**DATA EXCERPT:**
****************************************
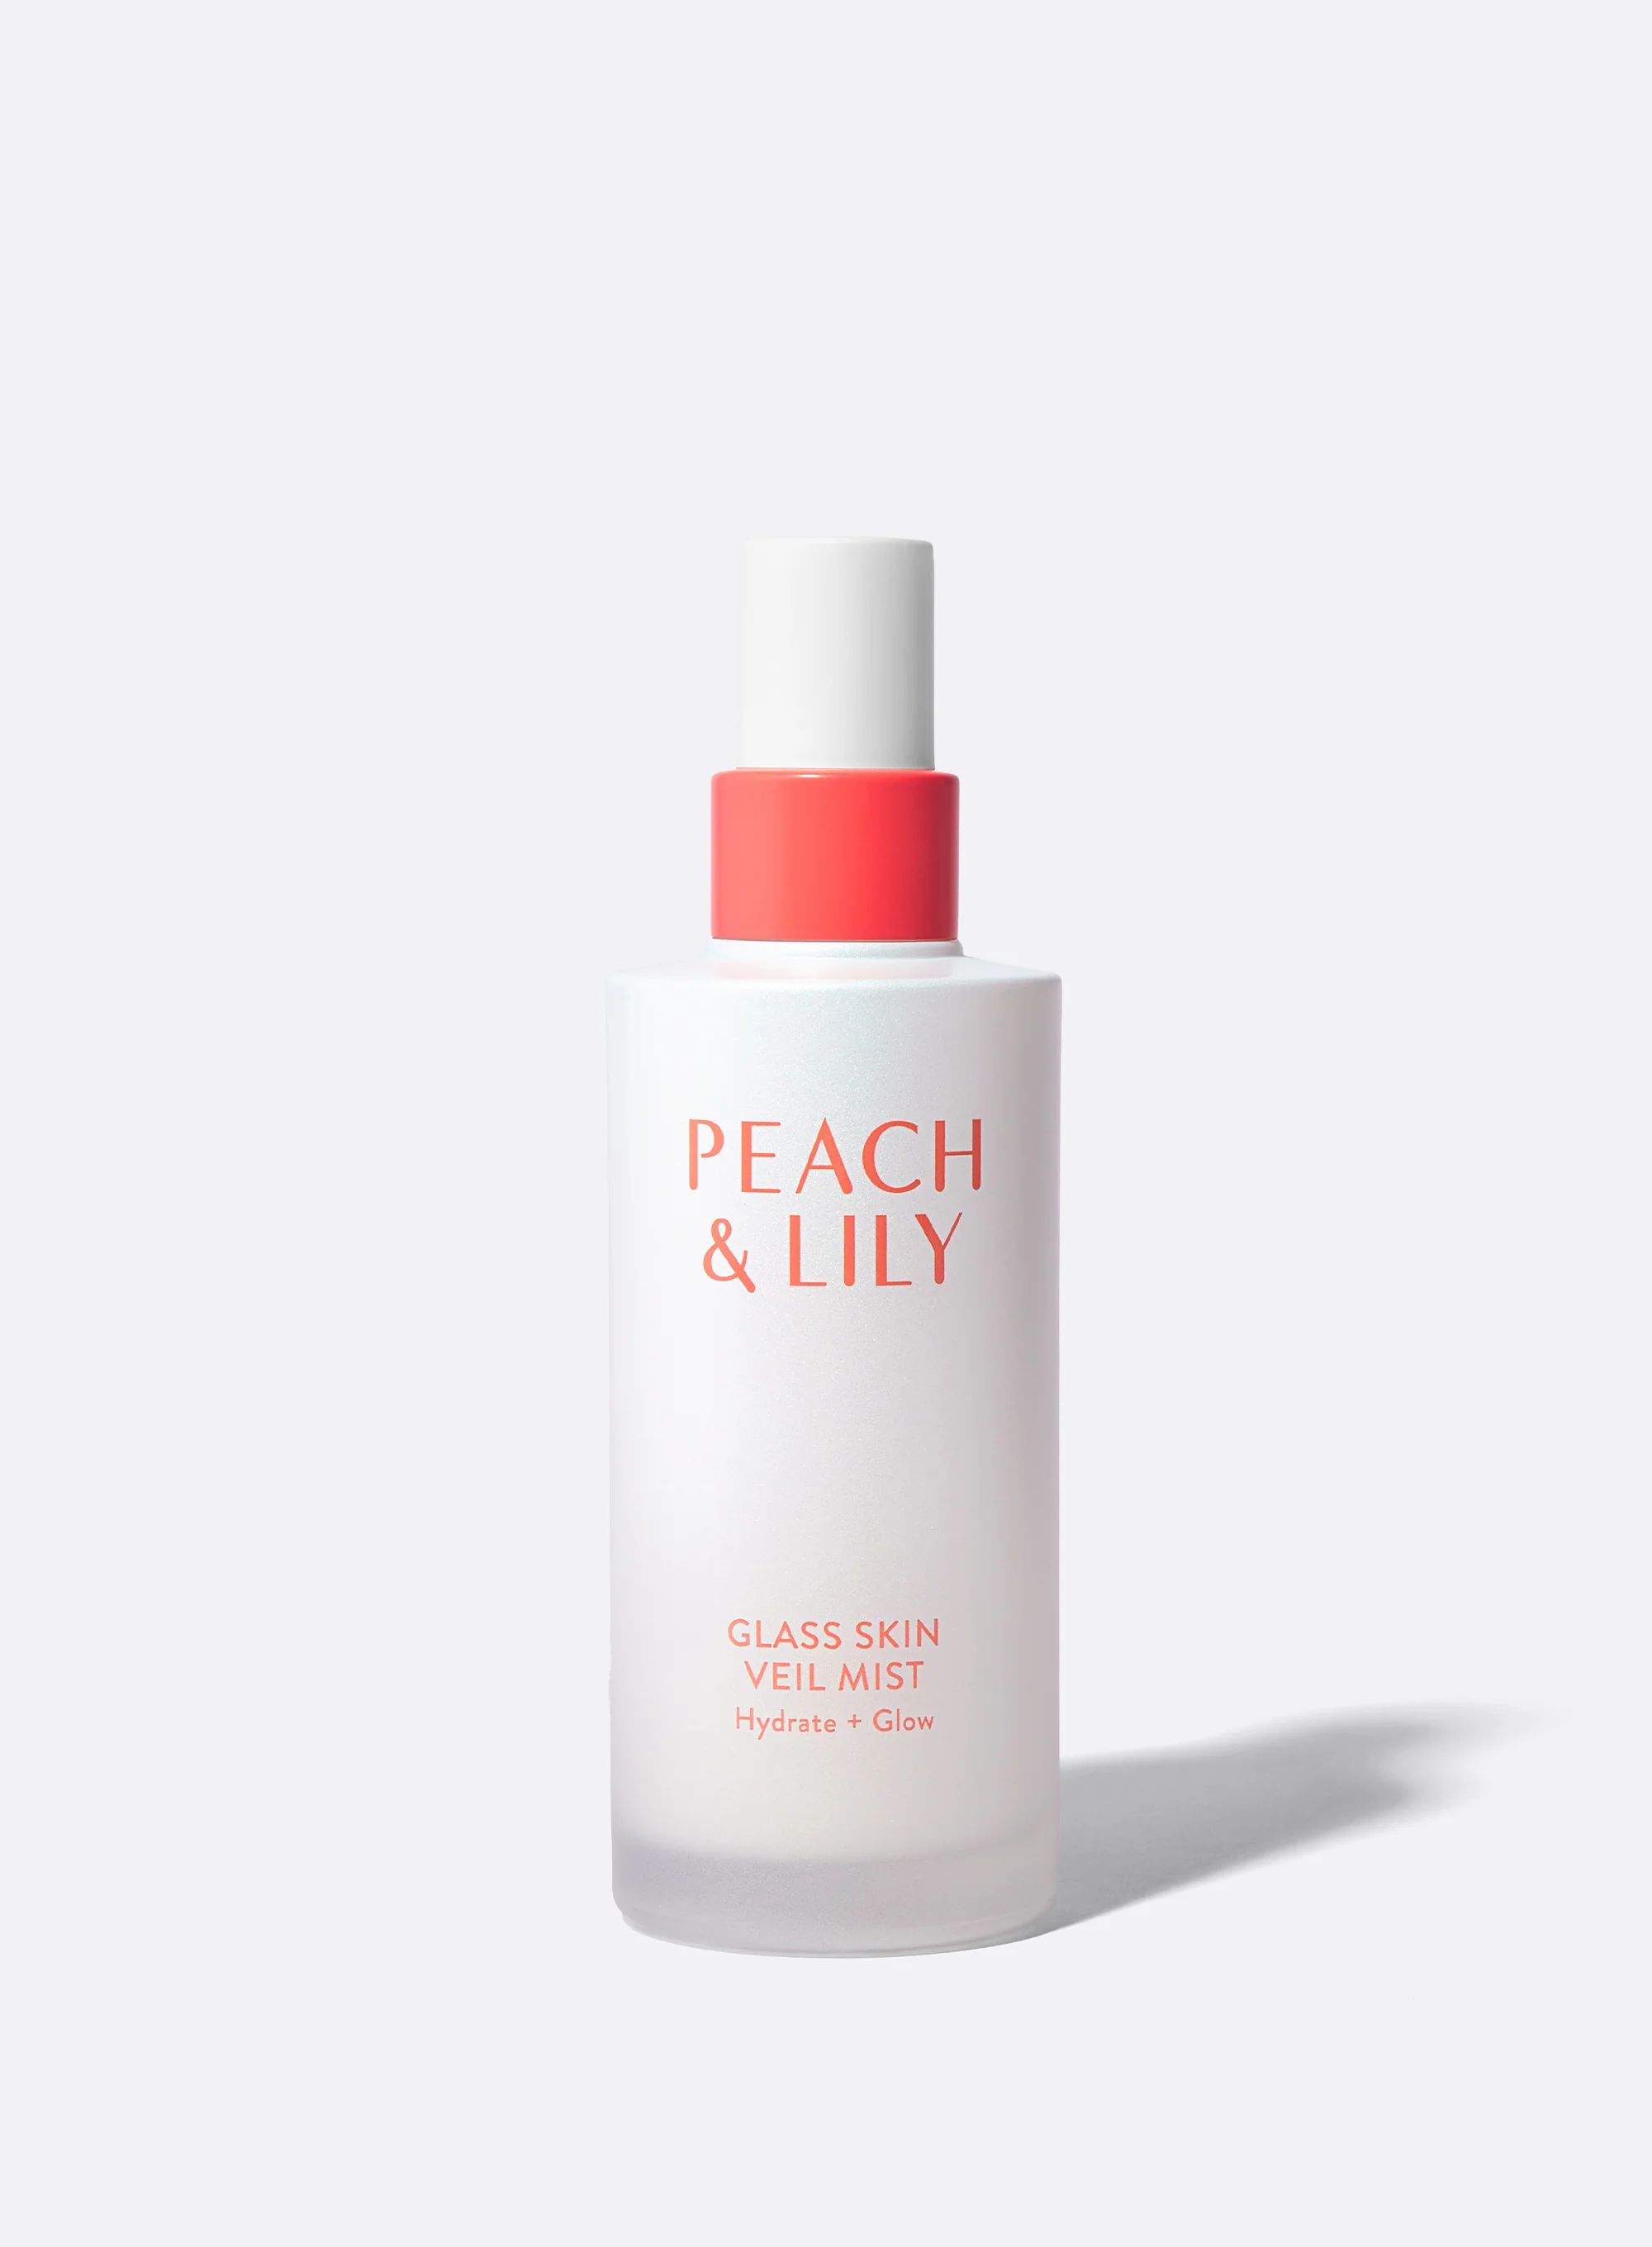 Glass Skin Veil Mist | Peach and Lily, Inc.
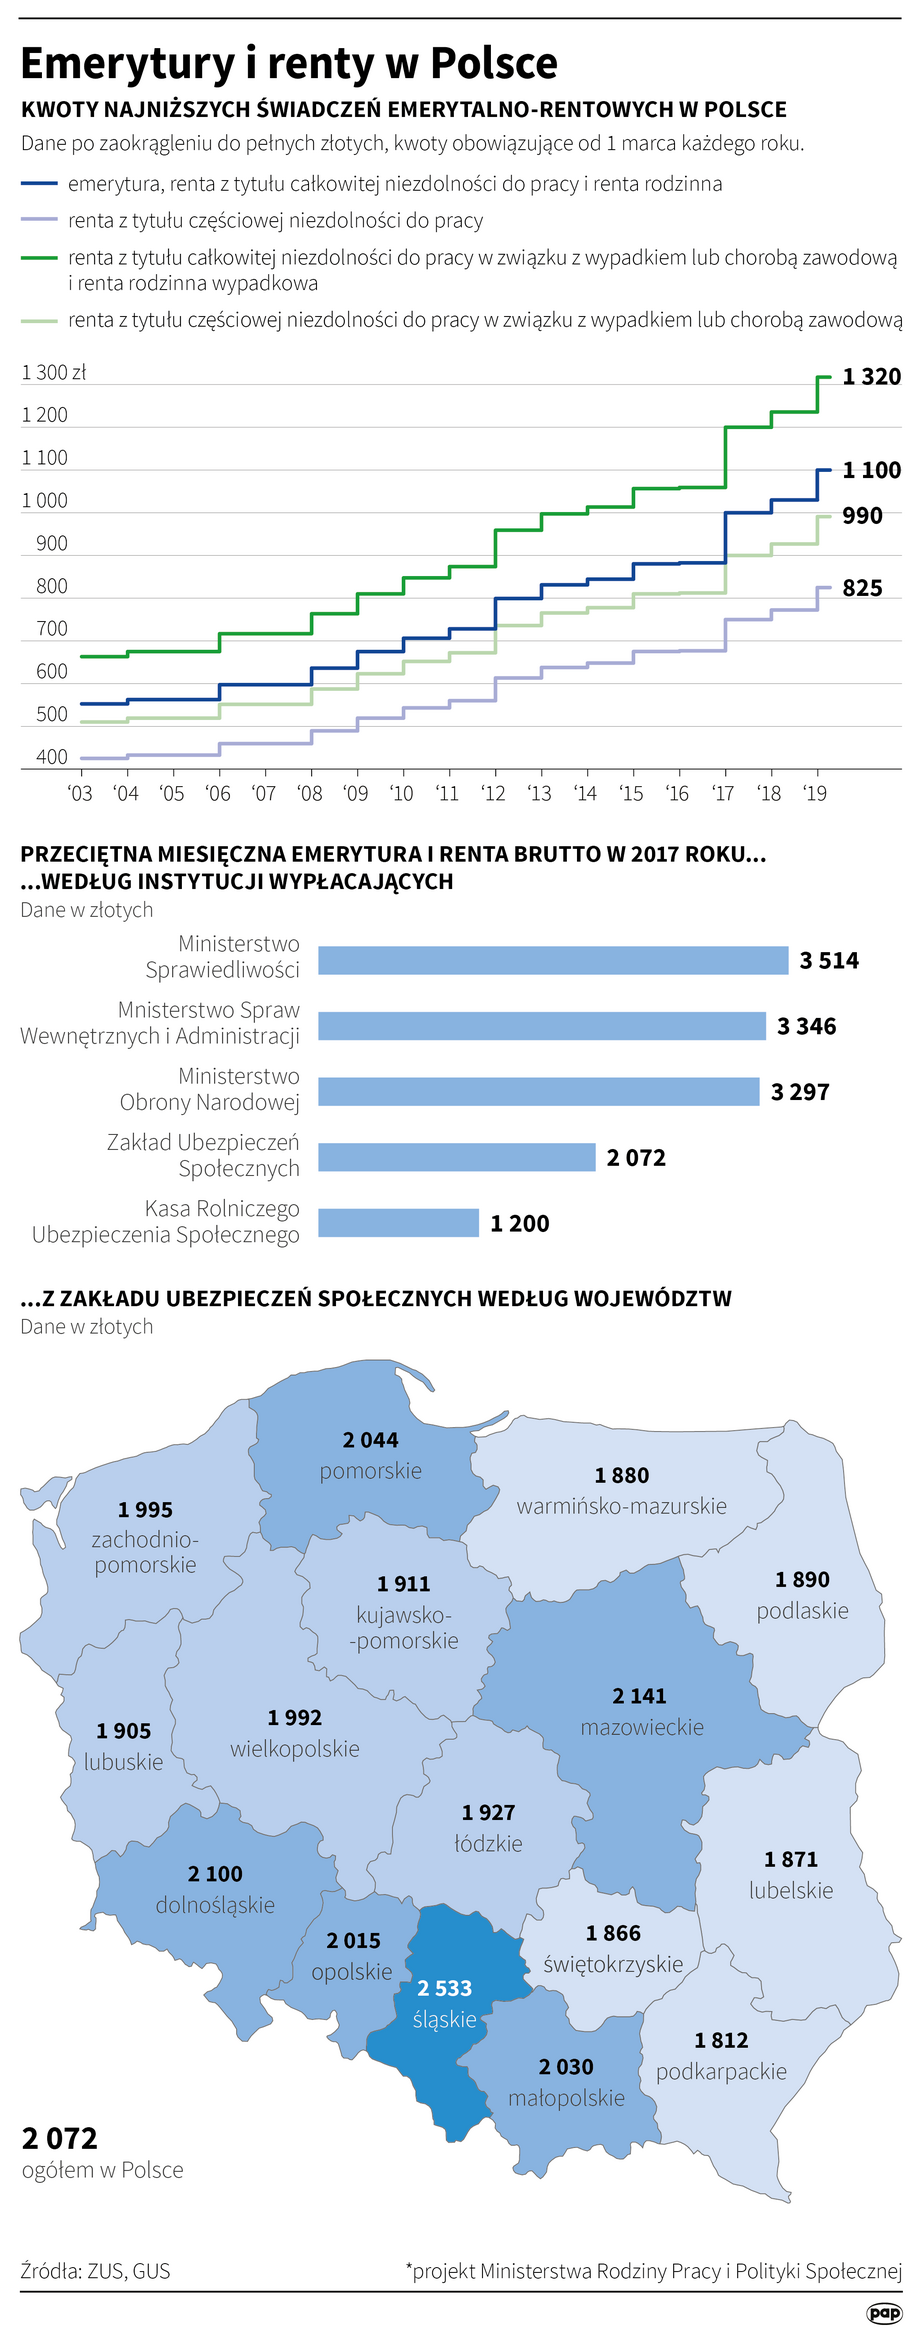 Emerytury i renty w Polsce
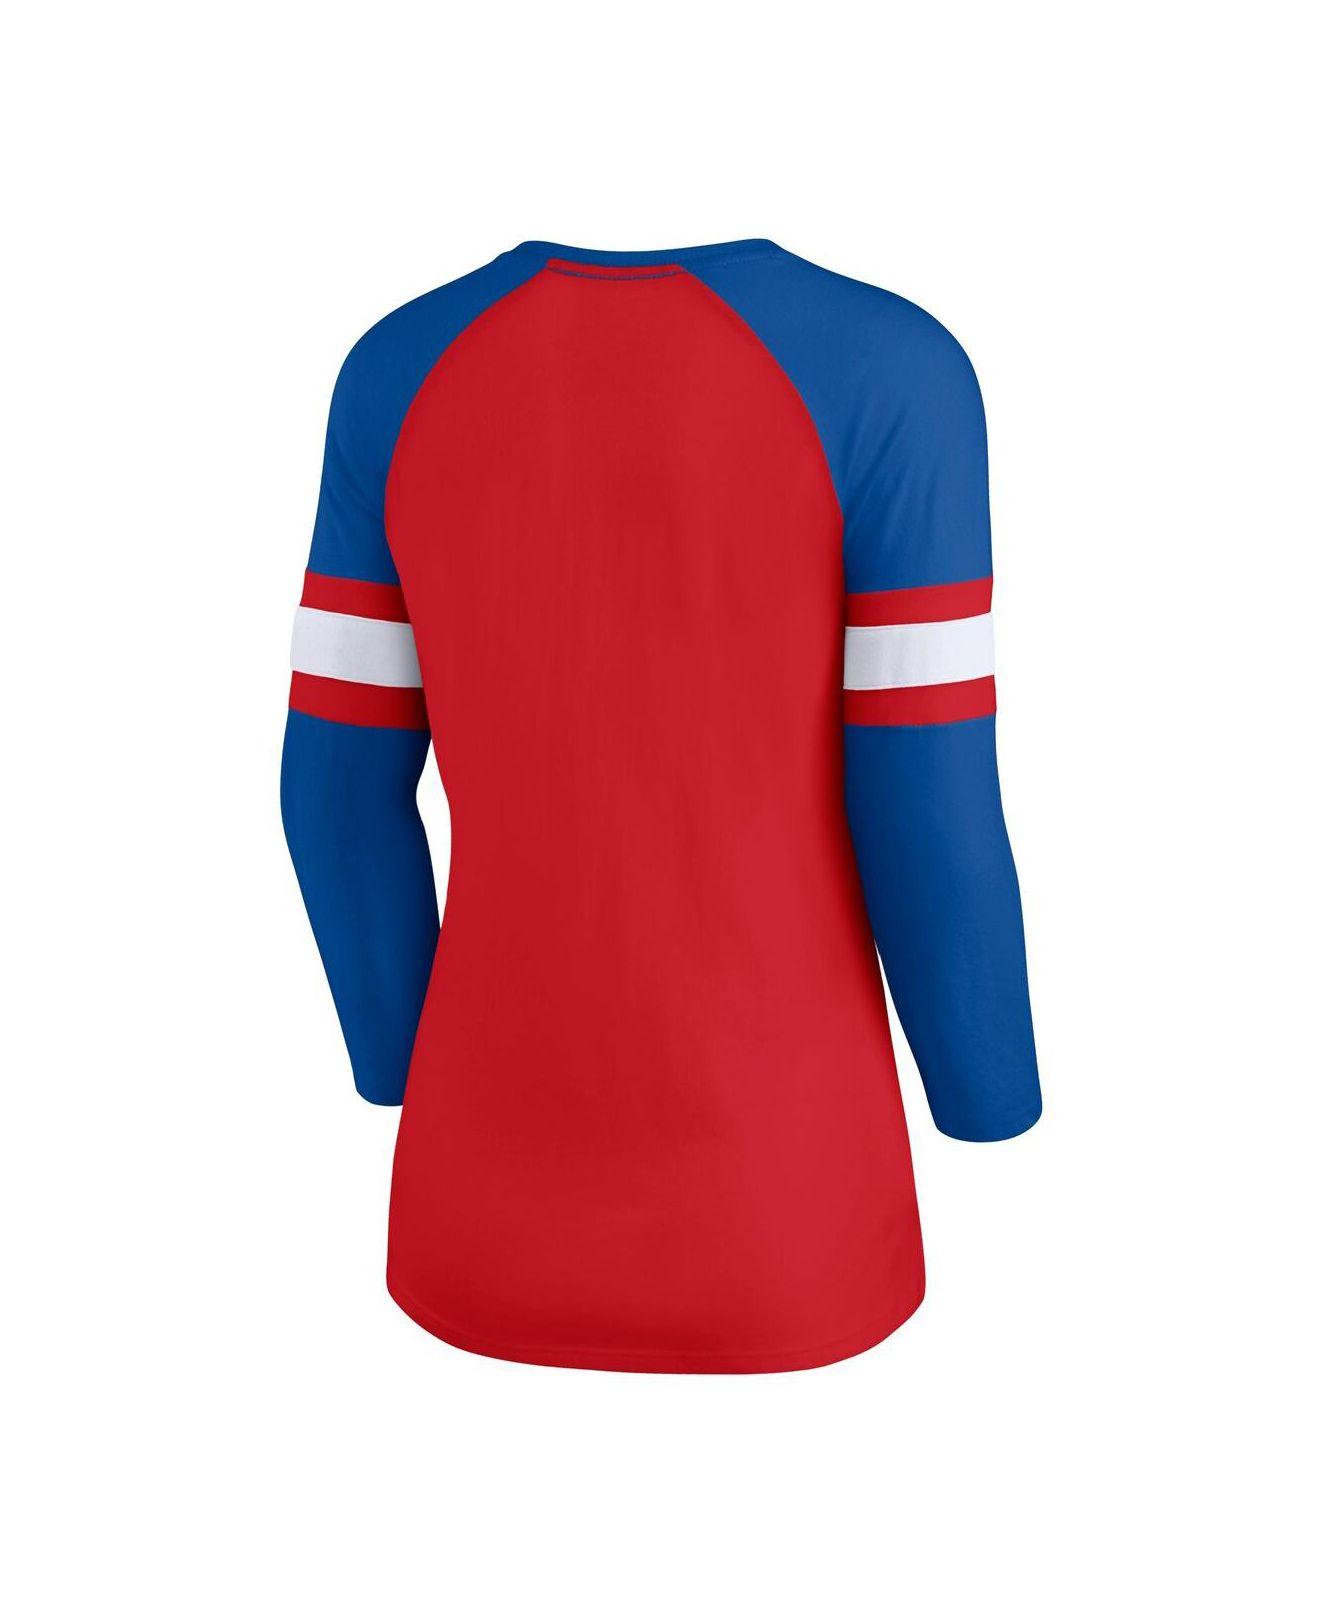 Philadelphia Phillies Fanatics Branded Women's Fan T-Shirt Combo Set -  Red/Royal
****************************************
**ASSIGNED TASK:** All of the data above must be printed exactly, minus its pictures.

**RESULT:**
 Glass Skin Veil Mist | Peach and Lily, Inc.
 Emerytury i renty w Polsce
 Philadelphia Phillies Fanatics Branded Women's Fan T-Shirt Combo Set -  Red/Royal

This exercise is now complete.